Technisch platform
Chemoproteomics heeft de ontdekking van medicijndoelen geavanceerd, vooral met op chemische sondes gebaseerde platforms. Uitdagingen zoals complexe synthese, lage opbrengst, hoge kosten en onbekende SAR van medicijnmoleculen belemmeren echter de vooruitgang.
Het fotoaffiniteitsmagnetische kralenplatform pakt deze problemen aan door actieve medicijnmoleculen via UV-verlichting op functionele magnetische kralen te immobiliseren, waardoor de noodzaak voor een chemisch sondeontwerp wordt geëlimineerd. Dit zorgt voor een specifieke binding tussen het medicijn en zijn doeleiwit. Na incubatie met het proteoom verrijken en isoleren de kralen de doeleiwitten van geneesmiddelen, die vervolgens worden geanalyseerd door immunoblotting en massaspectrometrie.
Platformfuncties
Casestudy
Om de doelwitten van staurosporine (Stau) te valideren, hebben we het geïmmobiliseerd op het oppervlak van fotoaffiniteitsgemodificeerde functionele magnetische kralen (Stau-kralen).
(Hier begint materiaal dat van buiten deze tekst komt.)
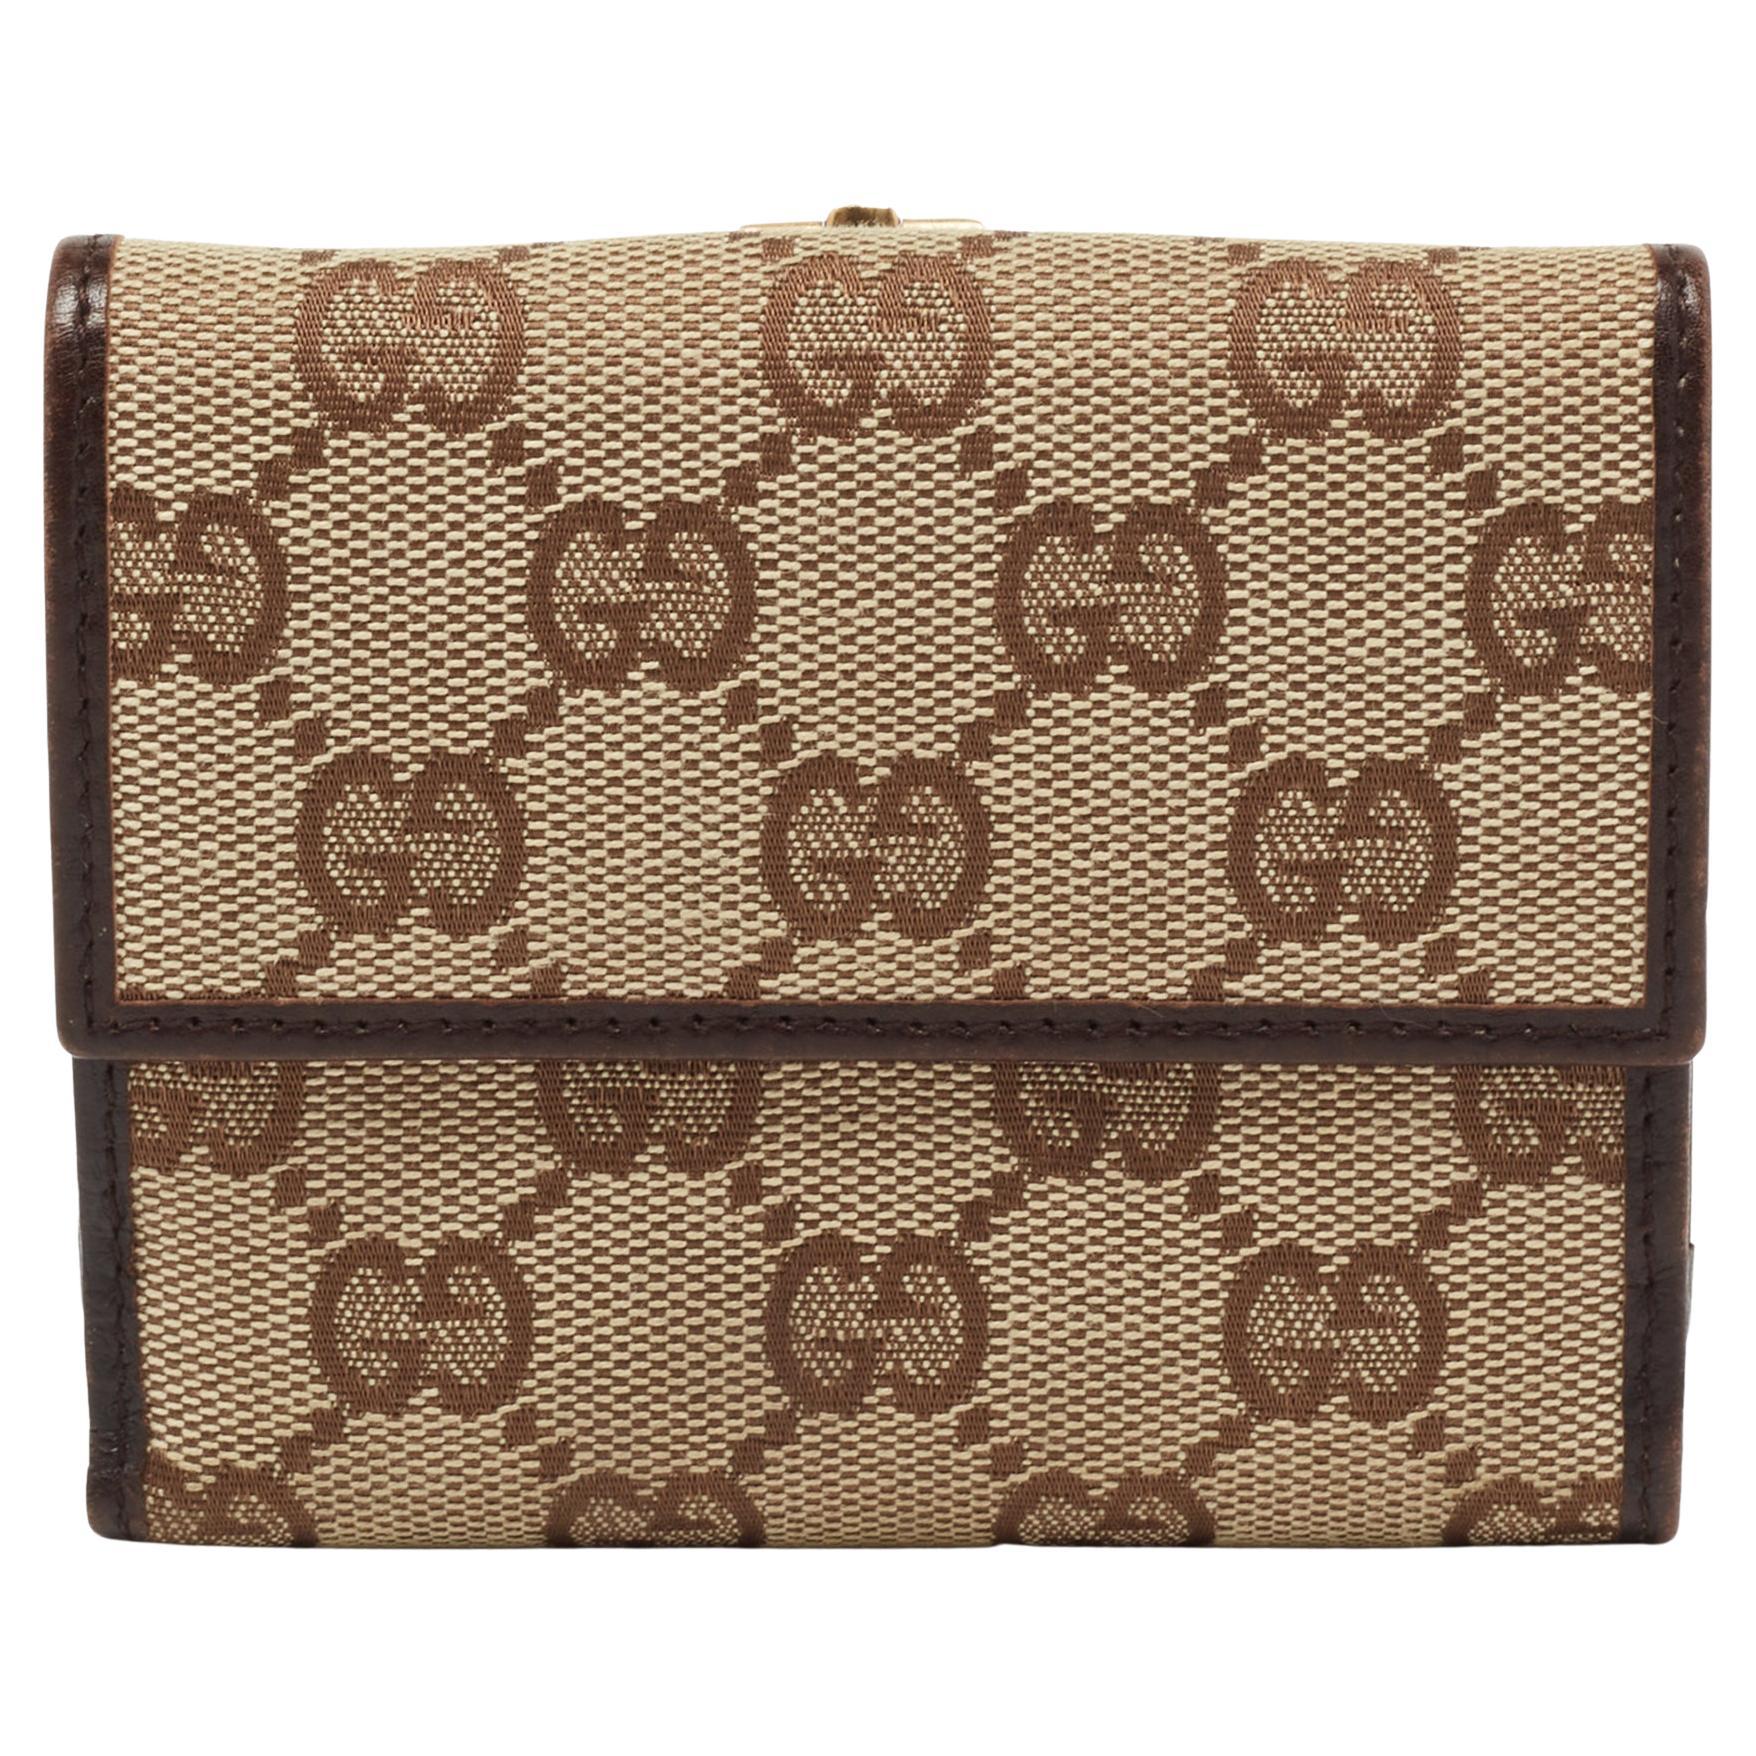 Gucci Beige/Brown GG Canvas and Leather Horsebit Clasp Compact Wallet
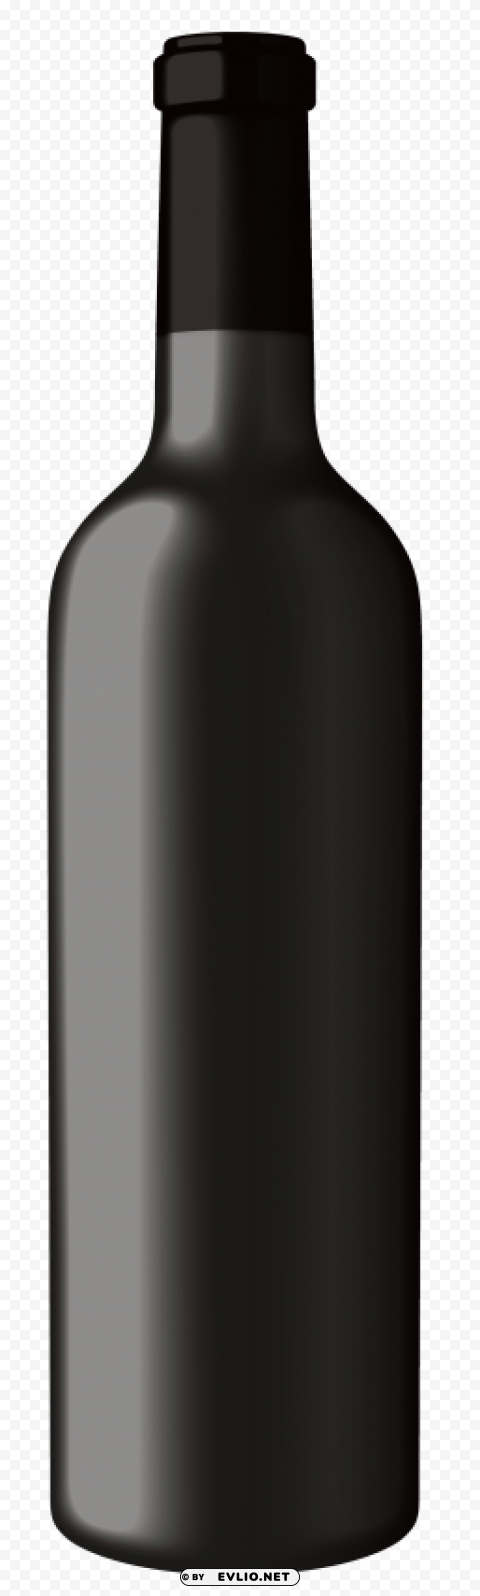 Black Wine Bottle PNG Images With No Fees

Vervolgens hebben we de Stau-kralen met het hele proteoom geïncubeerd, waarbij we Fmoc-kralen als controlegroep gebruikten. De resulterende Western blot (WB)-resultaten worden weergegeven in de onderstaande figuur, wat aangeeft dat Stau-kralen het doeleiwit FECH (een bekend positief doelwit) effectief verrijkten.
Vervolgens hebben we de met Fmoc-kralen en Stau-kralen verrijkte en gescheiden eiwitten onderworpen aan enzymatische vertering en massaspectrometrie-analyse. We vergeleken kwantitatief de intensiteitsverschillen van eiwitten tussen de experimentele groep (Stau-beads) en de controlegroep (Fmoc-beads). De resultaten toonden aan dat alle bekende positieve doeleiwitten significant verrijkt waren in de Stau-beads-groep, wat de effectiviteit van de methode bevestigde.